** Data block follows **

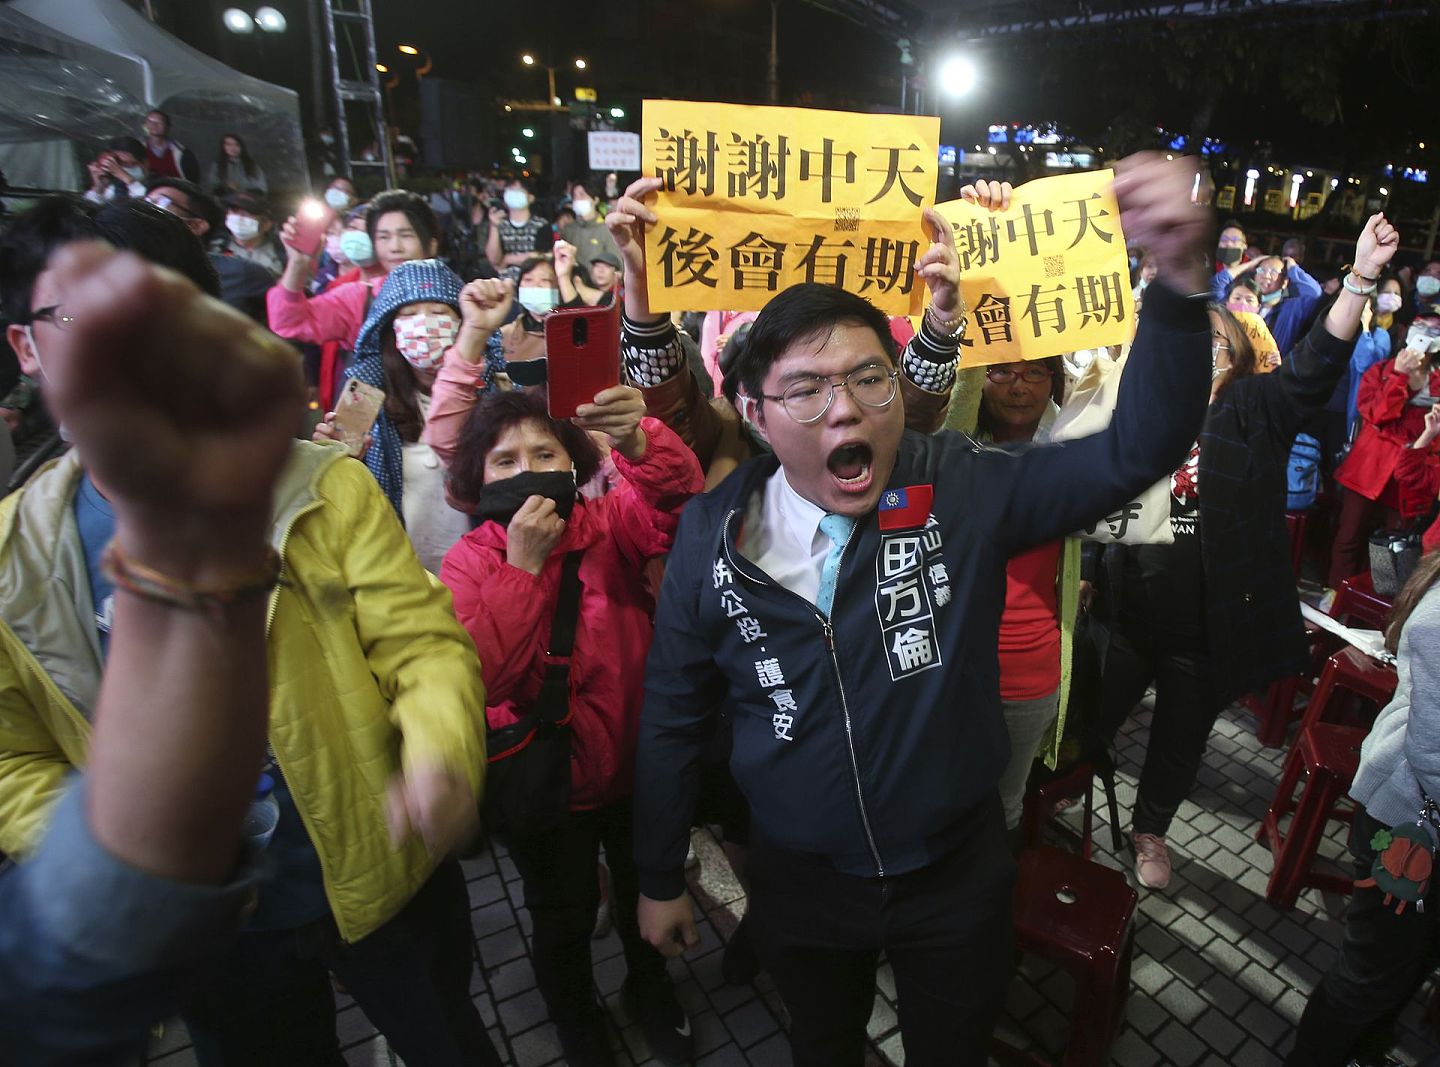 中天电视台的支持者举着横幅，上面写着:“谢谢中天电视台”。2020年12月11日，在台湾台北市中天电视台大厅，有线新闻频道停播后，“再见”。亲中国大陆的主要有线新闻频道中天电视在12月12日零時停止了播出，此前台湾政府以新闻专业性问题为由拒绝更新其营业执照。（AP）
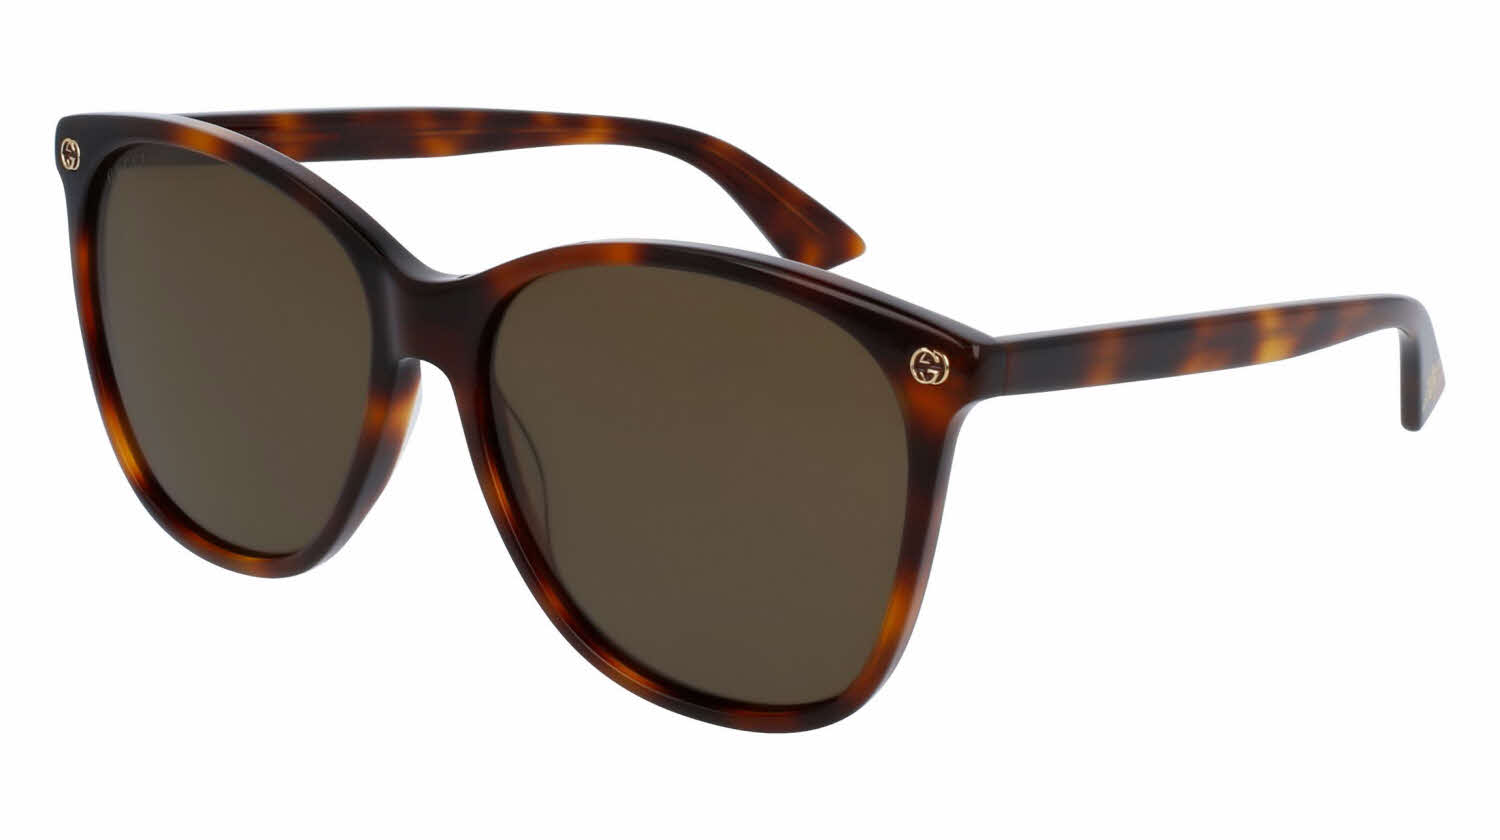 GG0024S Sunglasses FramesDirect.com
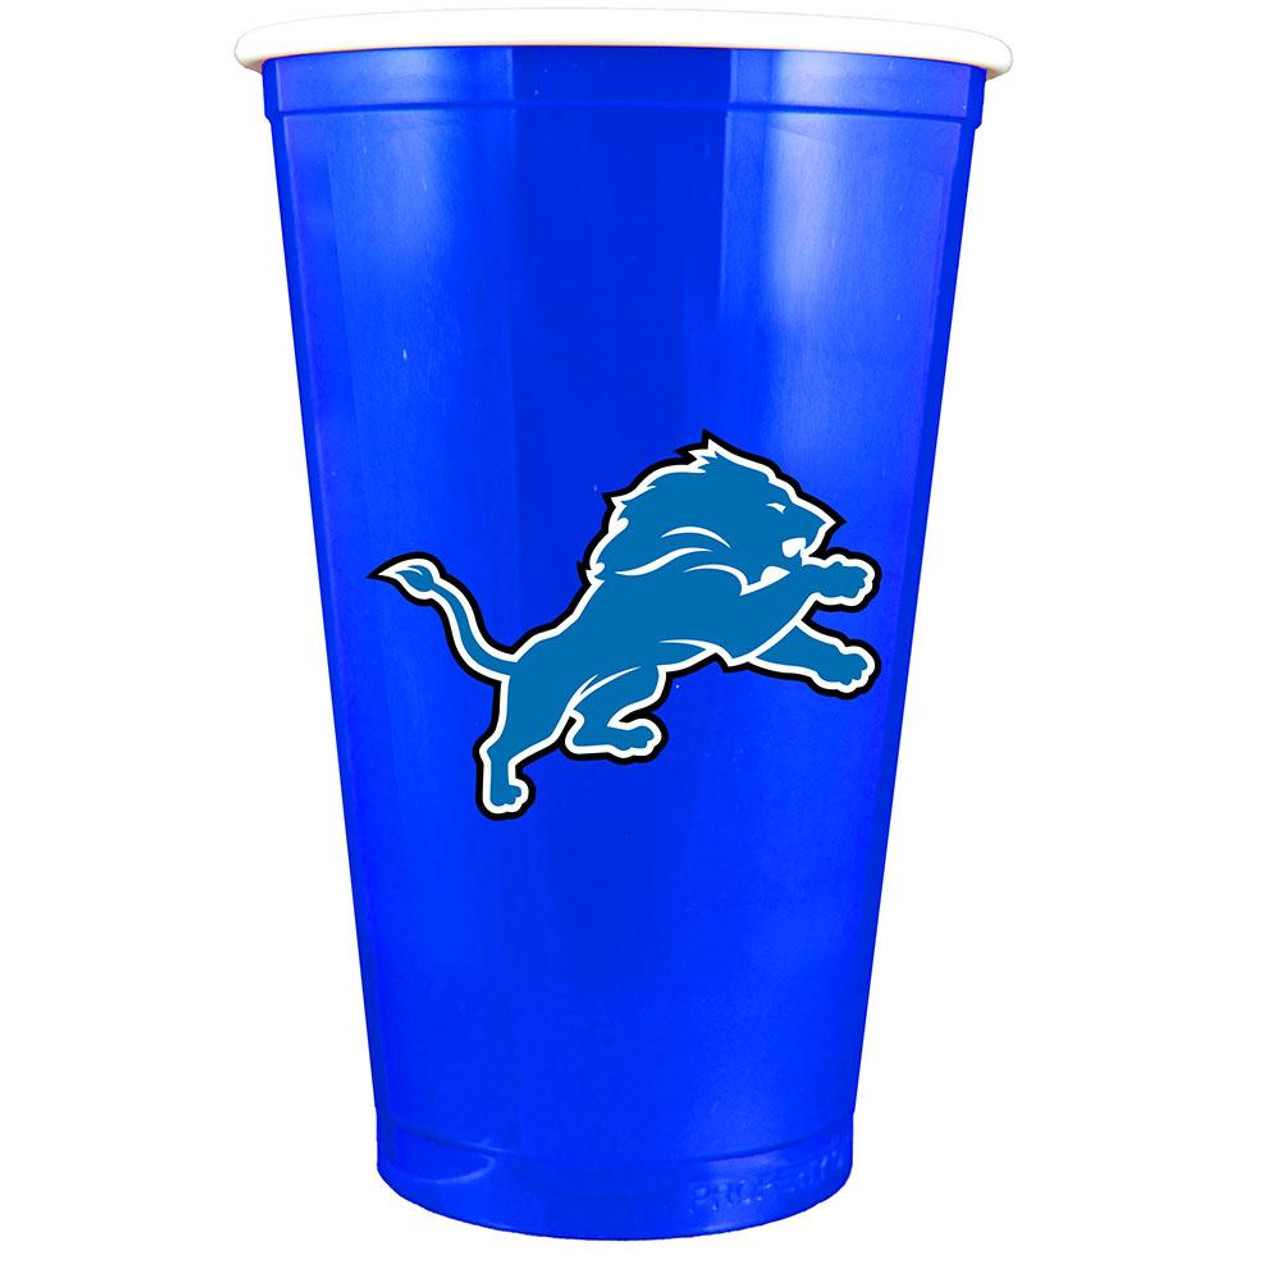 Souvenir of the week: Detroit Lions party cups
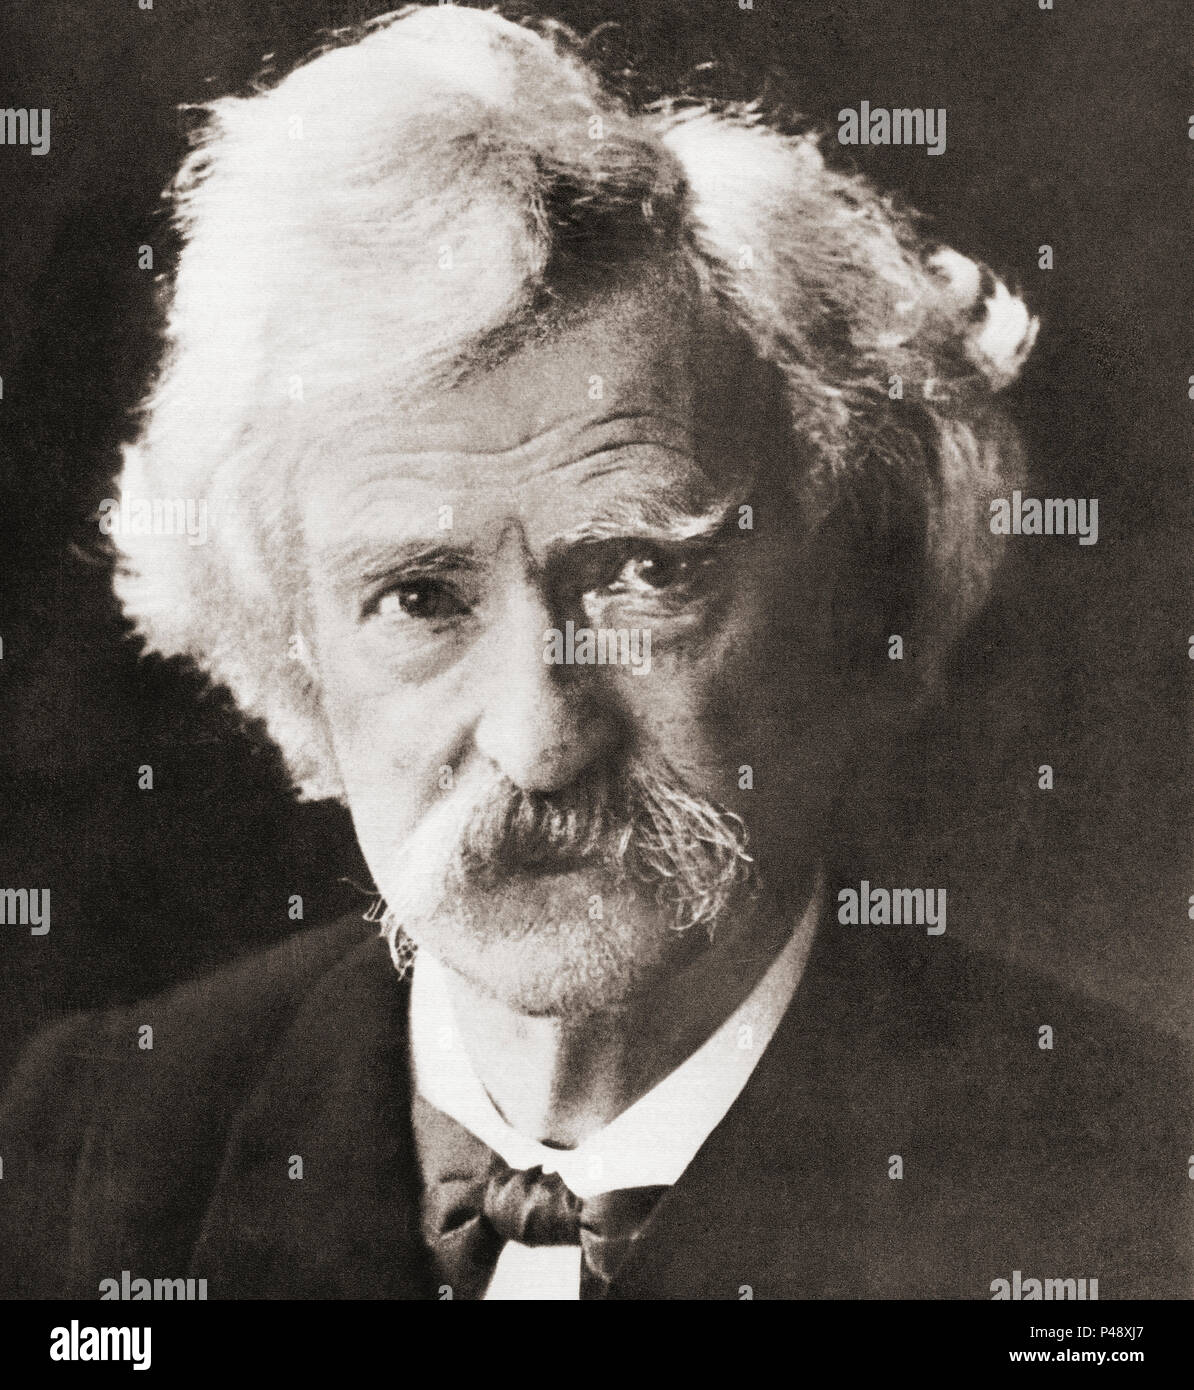 Destouches, 1835 -1910, mieux connu sous son nom de plume de Mark Twain. L'écrivain américain, humoriste, entrepreneur, éditeur et conférencier. Après une impression contemporaine. Banque D'Images

** End of Data block **

What is required:
Retype the listing above exactly as it appears, omitting the pictures.

Expected output:
 中天电视台的支持者举着横幅，上面写着:“谢谢中天电视台”。2020年12月11日，在台湾台北市中天电视台大厅，有线新闻频道停播后，“再见”。亲中国大陆的主要有线新闻频道中天电视在12月12日零時停止了播出，此前台湾政府以新闻专业性问题为由拒绝更新其营业执照。（AP）
 GG0024S Sunglasses FramesDirect.com
 Souvenir of the week: Detroit Lions party cups
 Destouches, 1835 -1910, mieux connu sous son nom de plume de Mark Twain. L'écrivain américain, humoriste, entrepreneur, éditeur et conférencier. Après une impression contemporaine. Banque D'Images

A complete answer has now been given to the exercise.